Trajectory-Based Neural Darwinism in Convolutional Neural Networks: Variation, Competition, and Selective Retention
Keywords: Neural Darwinism, neuron trajectory, Neuron Darwinian Dynamics System, Convolutional Neural Networks
Abstract: Understanding how artificial neural networks develop and stabilize internal representations remains a central challenge in deep learning. Motivated by Edelman’s theory of Neural Darwinism, we investigate whether competitive, selection-like dynamics emerge during training and how they shape robustness and specialization.
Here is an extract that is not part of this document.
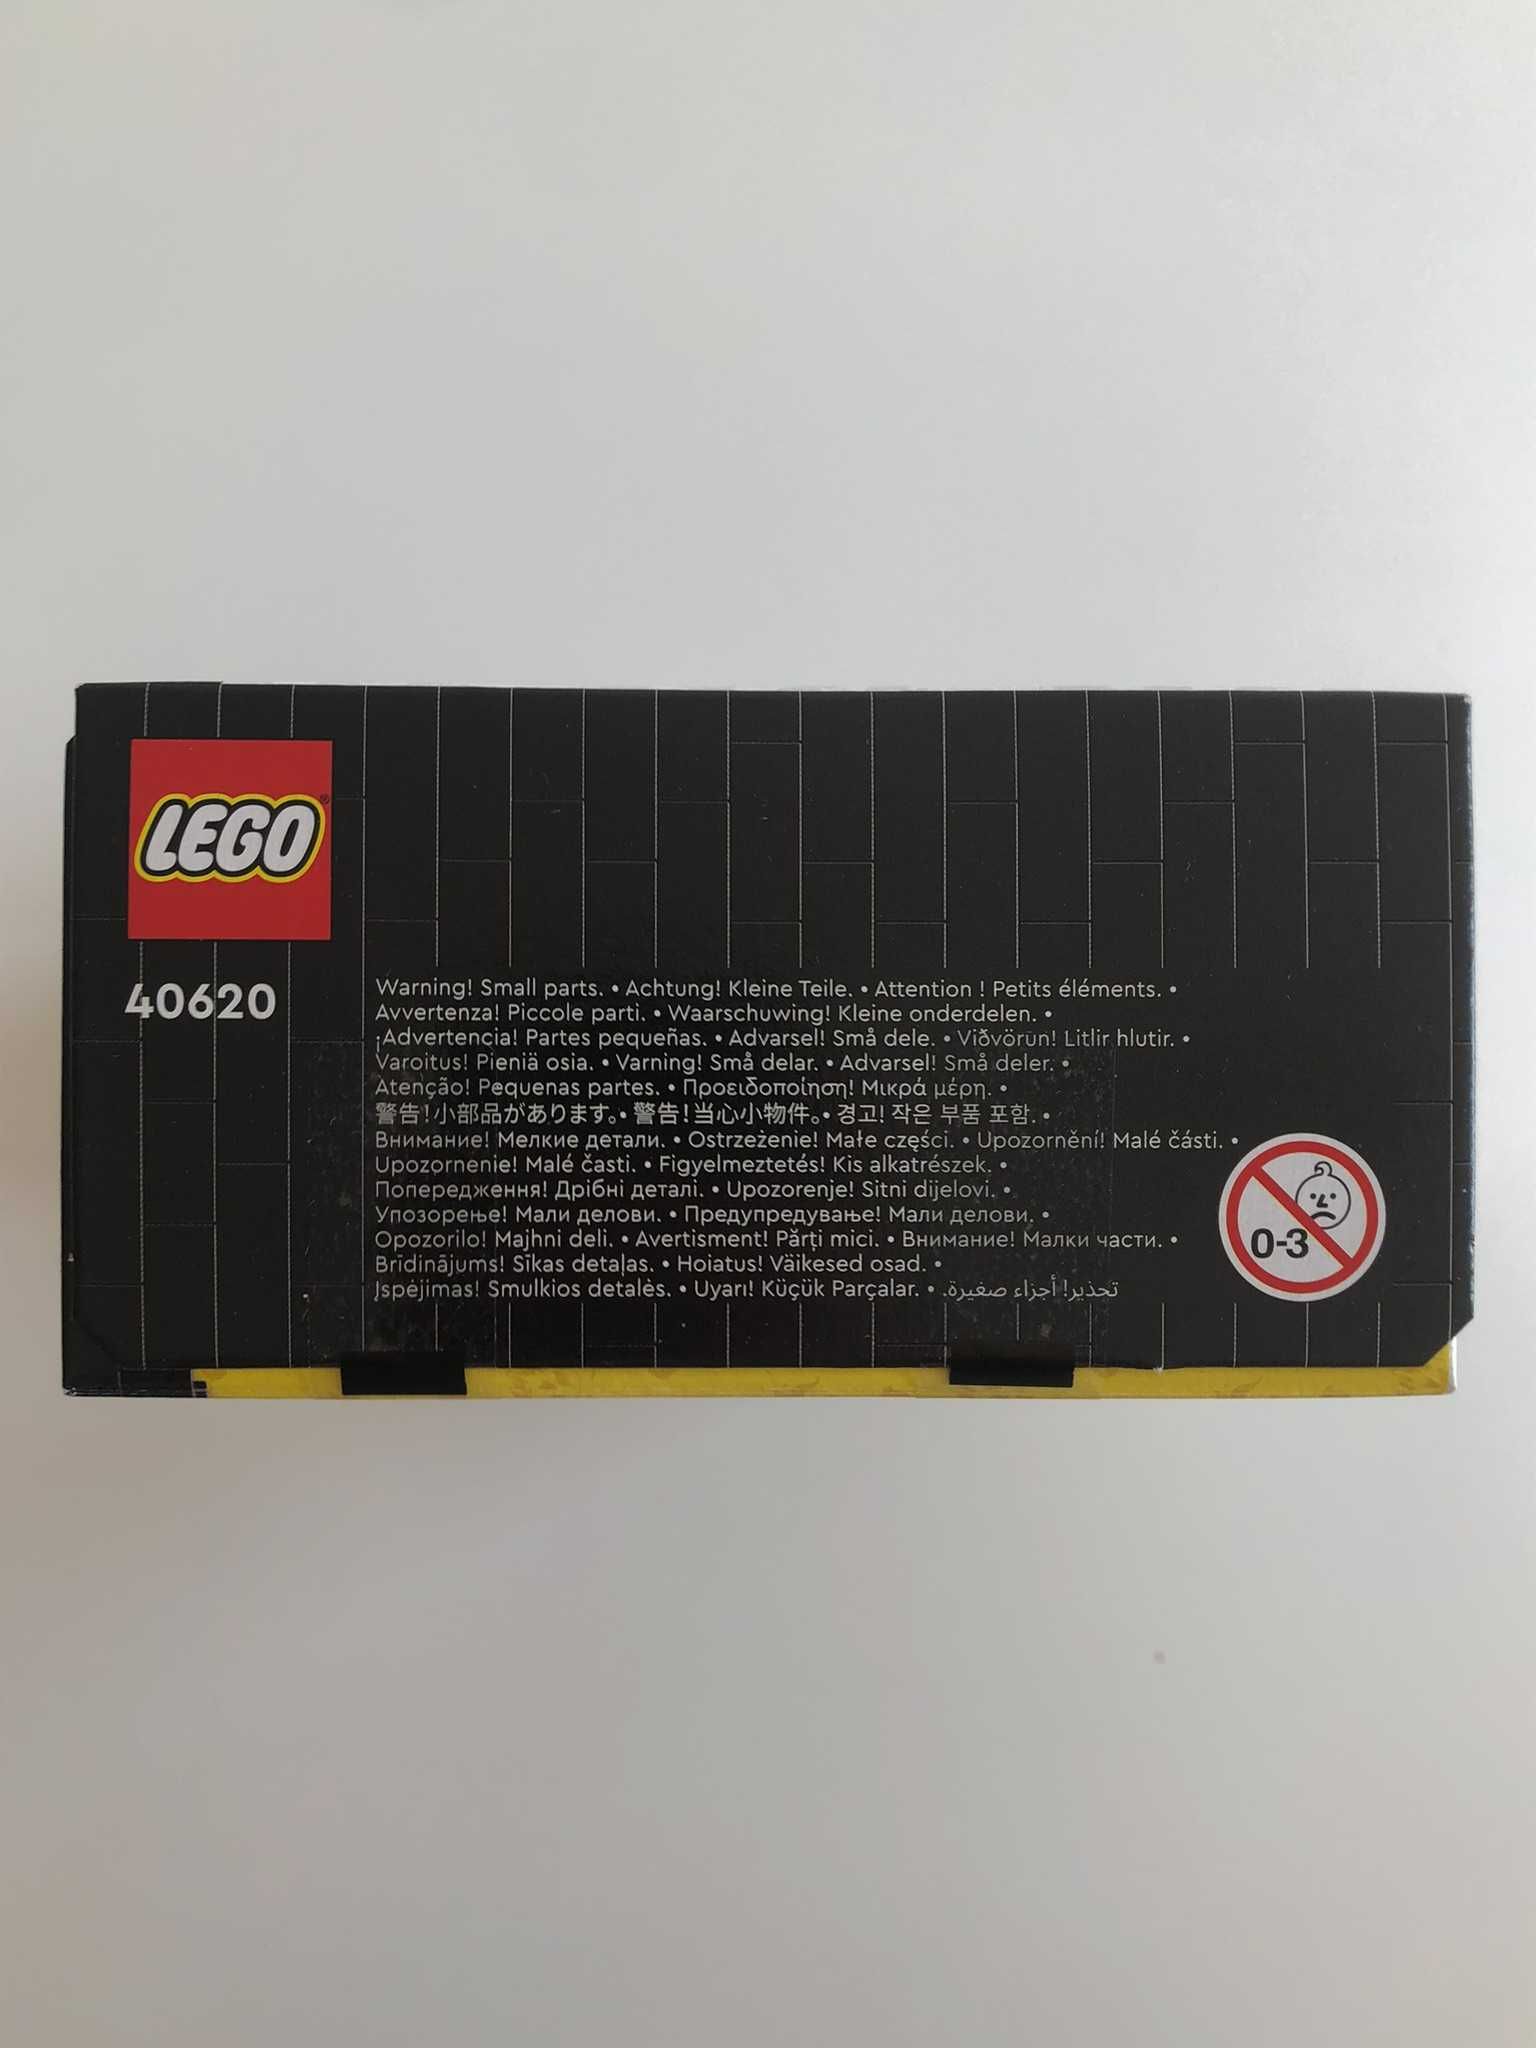 NOWY Zestaw LEGO 40620 Cruella i Diabolina; Świetny na prezent

We introduce a unified trajectory-based Darwinian framework—the Neuron Darwinian Dynamics System (NDDS)—which is inspired by Darwinian principles of survival and selection, enabling the analysis of neuron activations, weights, and representational paths across diverse architectures and datasets. We conduct two complementary analyses: ablation experiments demonstrate that networks maintain accuracy under extensive neuron removal, revealing strong redundancy, yet exhibit sharp performance collapse beyond a critical threshold, identifying task-critical subsets. Dynamic trajectory analyses further reveal consistent evolutionary patterns: neurons categorized as survived sustain coherent representational trajectories, stronger weight norms, and higher activations, whereas eliminated neurons stagnate toward representational silence. Overall, these results support a Darwinian perspective on representation learning: CNNs achieve robustness through redundancy at early stages and progressively consolidate specialized neurons that underwrite stable, task-relevant representations.